0522_2.jpg作業場の「伏虎窟御殿」は、円福寺14世・見性宗般老師に帰依された、有栖川宮威仁親王からの下賜という瀟洒な建物です。今回調査の対象となる寺宝は写真の約30点。さて、まずはこの数についてどのような印象を持たれますか?多い、それとも少ない?



0522_3.jpg結論は、少なくないと思います。「撮影」「調書作成」「梱包」――書いてしまえば一言ですが、どの作業も繊細なため、やはり時間がかかりますね。実際は、後半かなりペースアップしても文書類は次回に持ち越しとなりました(掛け物とは異なる設備が必要という理由もあります)。中には触れるのを躊躇してしまうほど、傷みが見られるものもありました。それらの状態も細かく記録。緻密な仕事です。

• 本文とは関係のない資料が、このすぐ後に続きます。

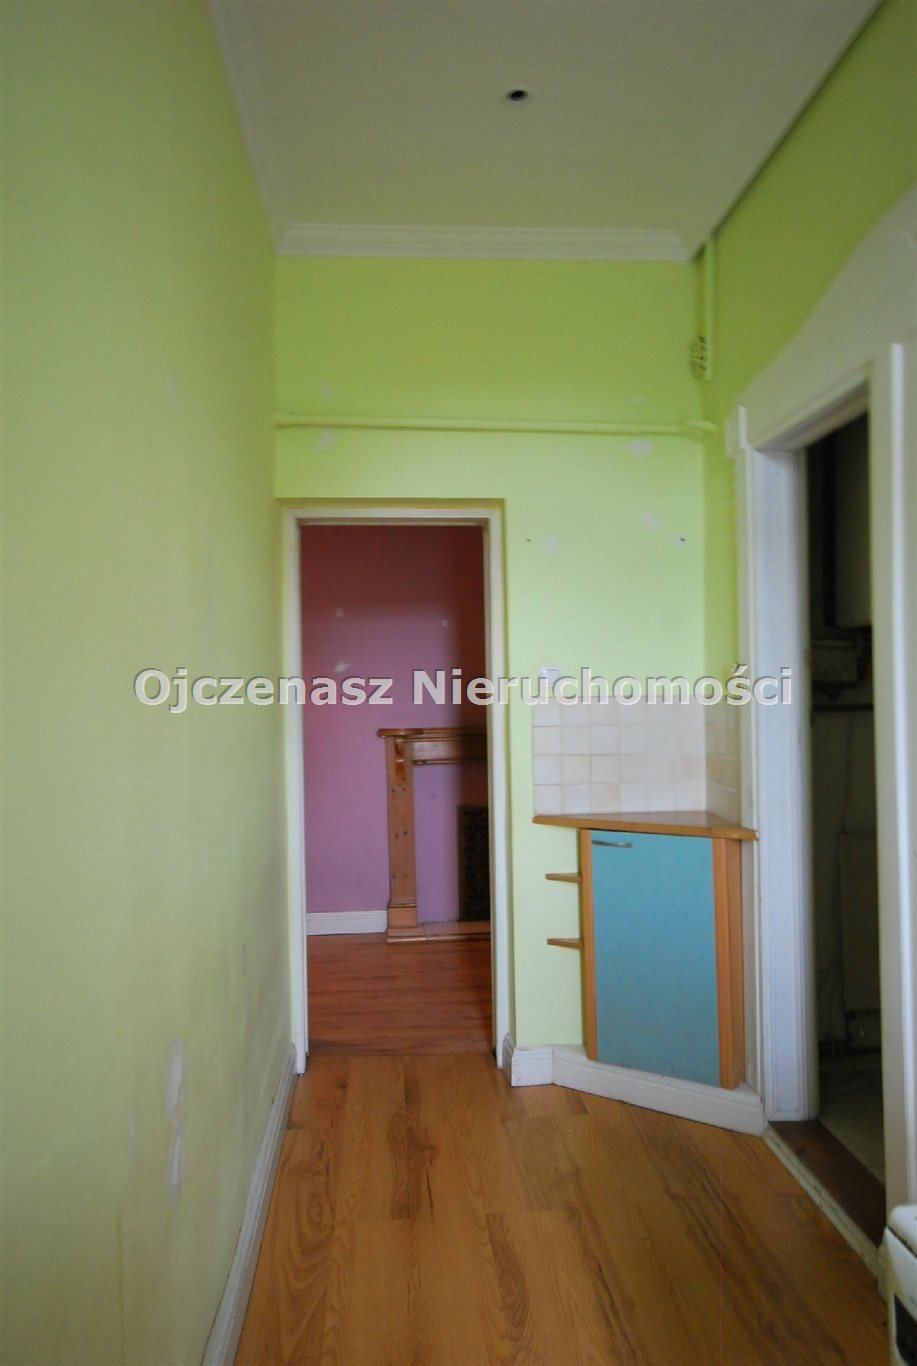 Mieszkanie trzypokojowe na sprzedaż Solec Kujawski  79m2 Foto 10

0522_4.jpg時間を要するという件について更に誤解を恐れず書きますが、なにしろ作品の素性がわからない状態です。もちろん署名と落款があり、箱書、極札、書き付けなども存在するのですが、良い意味でこれらを疑ってもみる。専門家の眼によって情報が付加されていくうち、先ほどまで整理番号のみで認識していた書画が、どんどん個性を持った存在に思えてくるのは不思議な感覚でした。また、個人的なことでは崩し字の読み方(類推方法)が大変勉強になりましたし、さまざまな知識についても、いまの自分の足りなさを嘆くのではなくコツコツ蓄えを増やし良い仕事に繋げたい、と前向きな気持ちに。現場の活気から、良い気をいただけたようです。



0522_5.jpgそもそもこの調査のきっかけは、アーカイブス事業を立ち上げた際、弊所から老師にご相談したところ、ご縁をいただいたものだそう。老師のお話しぶりは穏やかですが、これらの寺宝を後世に伝えていくのだという、強い責任感が伝わってきました。お寺に携わった先人の想いに、作品を通じ今でも触れることができる。素晴らしいことだと思います。これらは物としての価値を持つだけでなく、心の遺産なのだなと。調査はまだまだ続くようですが、次世代に繋がる作業の現場に立ち会え、心に残る一日でした。ありがとうございました。